По основному внутреннему складу Самоходов — самовлюбленный циник. Он вообразил, что все знает об изнанке мира, а потому присвоил себе право смотреть на всех свысока и зачастую просто презирать людишек. […]
Вам не нравится коррупция? Но, господа, к вашему сведению, в России «взяточничество, мздоимство, откаты, крышевание; госинвестиции в жен, деверей и племянниц; сдача органов власти, их подразделений и отдельных чиновников в аренду респектабельным пронырам и приблатненным проходимцам; кооперативная торговля должностями, орденами, премиями, званиями; контроль над потоками; коммерческое правосудие», а также «высокодоходный патриотизм» — это «исконные, почтеннейшие ремесла, вековые скрепы державы». Попробовали наверху с этим бороться, но быстро поняли, что не нужно, несколько генералов сели в тюрьму, но в итоге кампания была прекращена и «о коррупции опять заговорили уважительно».
О роли власти в обществе поручено сообщить даме-спецслужбистке: «Мы знаем так много позорных секретов, что если они будут активированы, весь правящий сброд этой и не только этой страны лопнет, сдуется, испуская грязь и гниль. А с ним вместе расплывется, растечется все общество и государство.

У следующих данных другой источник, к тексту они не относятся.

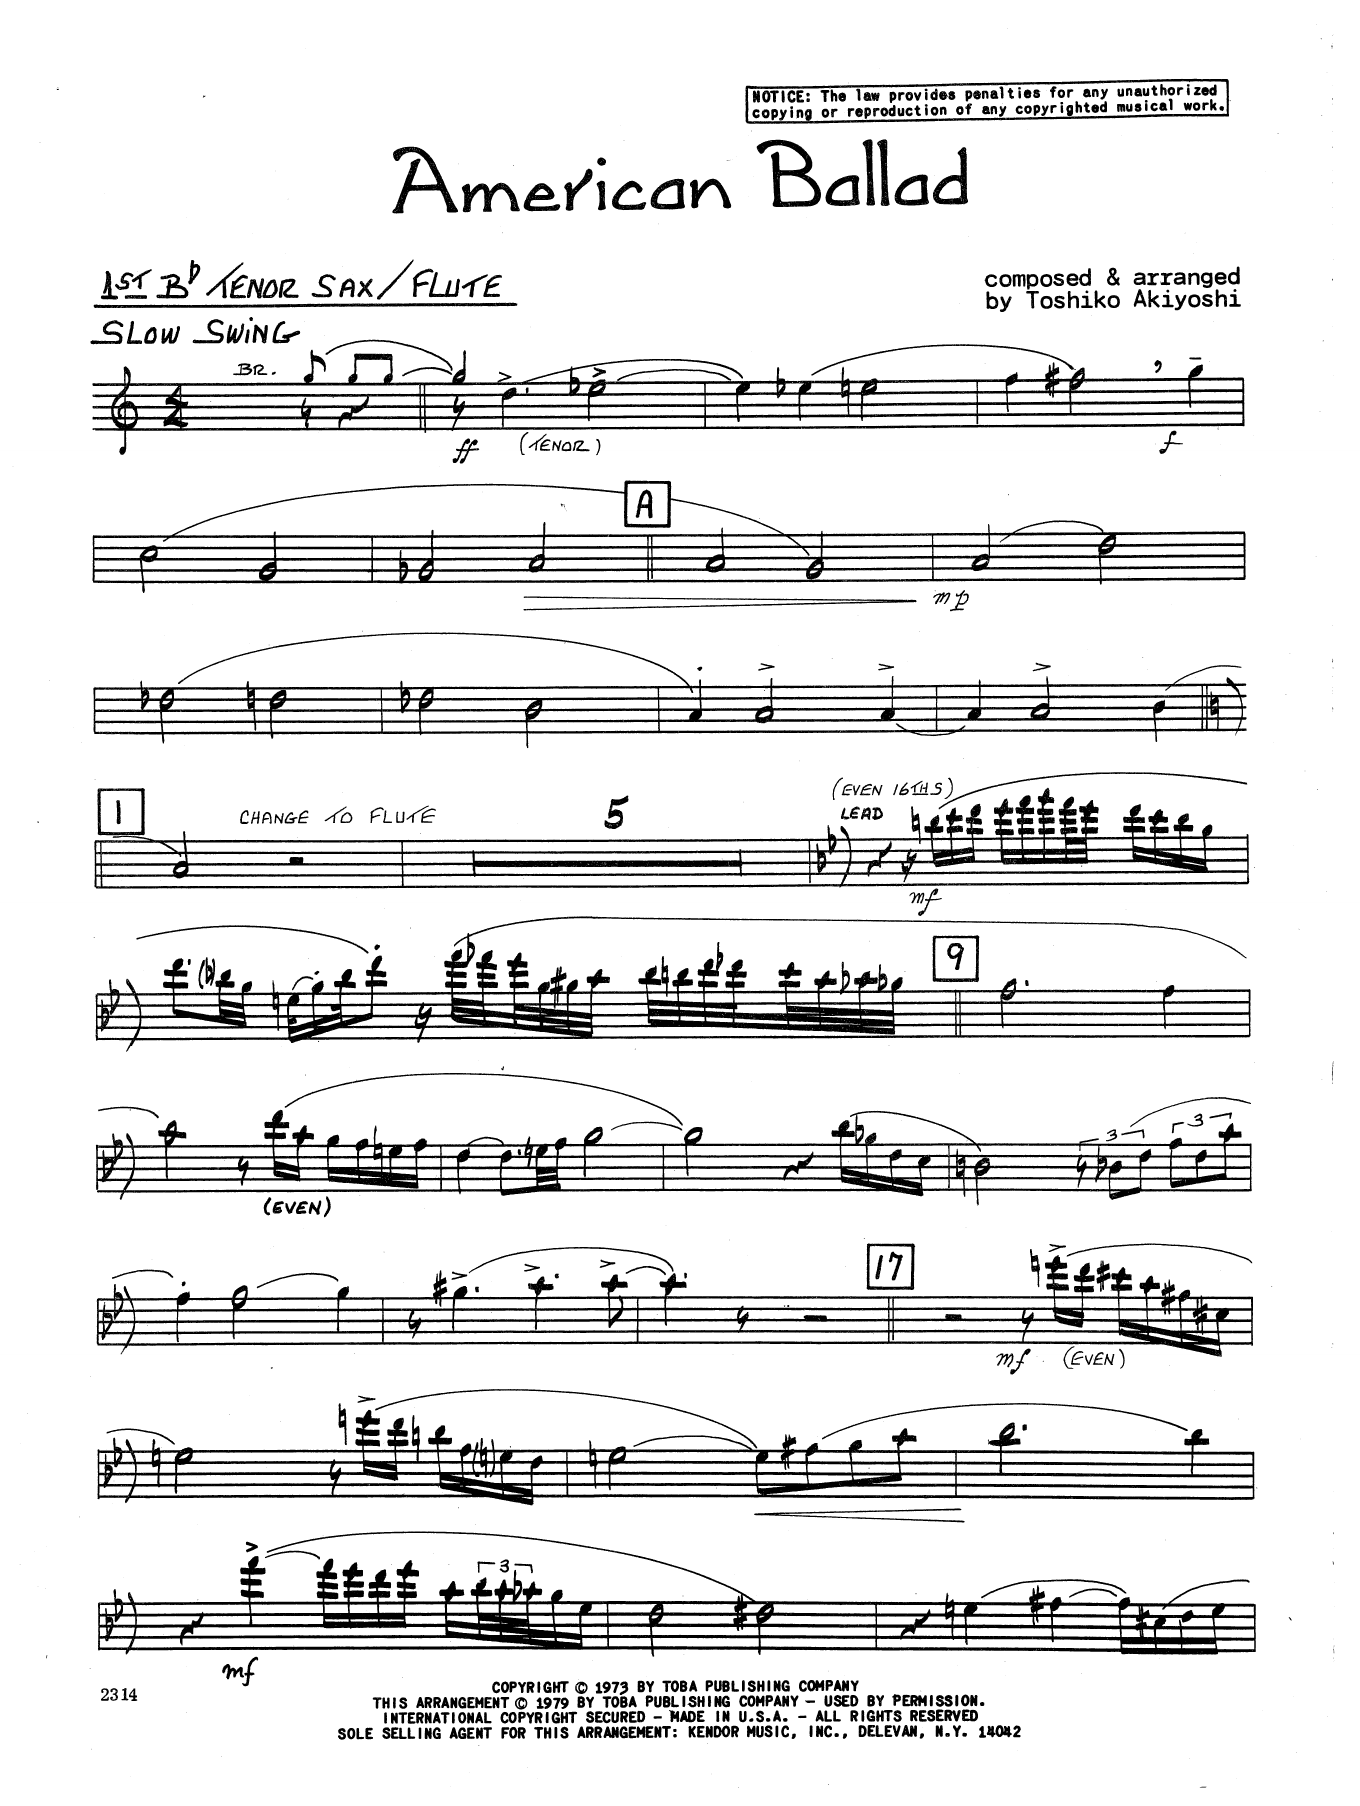 Download Toshiko Akiyoshi American Ballad - 1st Tenor Saxophone Sheet Music

Как ни печально звучит, коррупция и оргпреступность такие же несущие конструкции социального порядка, как школа, полиция и мораль».
Соглашайтесь, господа, с этим, выбора нет[7]. Не хотите?.. Ах, чего на самом деле стоит ваш либертинаж?!
Среди персонажей романа — оппозиционная журналистка Никита Мариевна. Никита хоть и талантлива, но продажна. По предложению Егора она соглашается прекратить журналистское расследование на тему заболевания раком детей, ставших жертвами аварии на химическом заводе, в обмен на два гектара земли в заповеднике на берегу озера. Но притом не любит она режим. Ругает власть. Егор сурово и правдиво говорит ей на это: «Да не власть вы ненавидите, а жизнь. В целом. Не такая она, как вы бы хотели… Мне тоже жизнь другой представляется, но я не хочу ее уничтожить, как вы, за то, что не такая она… Я за жизнь. А вы против». По его определению, «несправедливость, насилие и косность» — это «качества вообще жизни, а не одной только власти». […]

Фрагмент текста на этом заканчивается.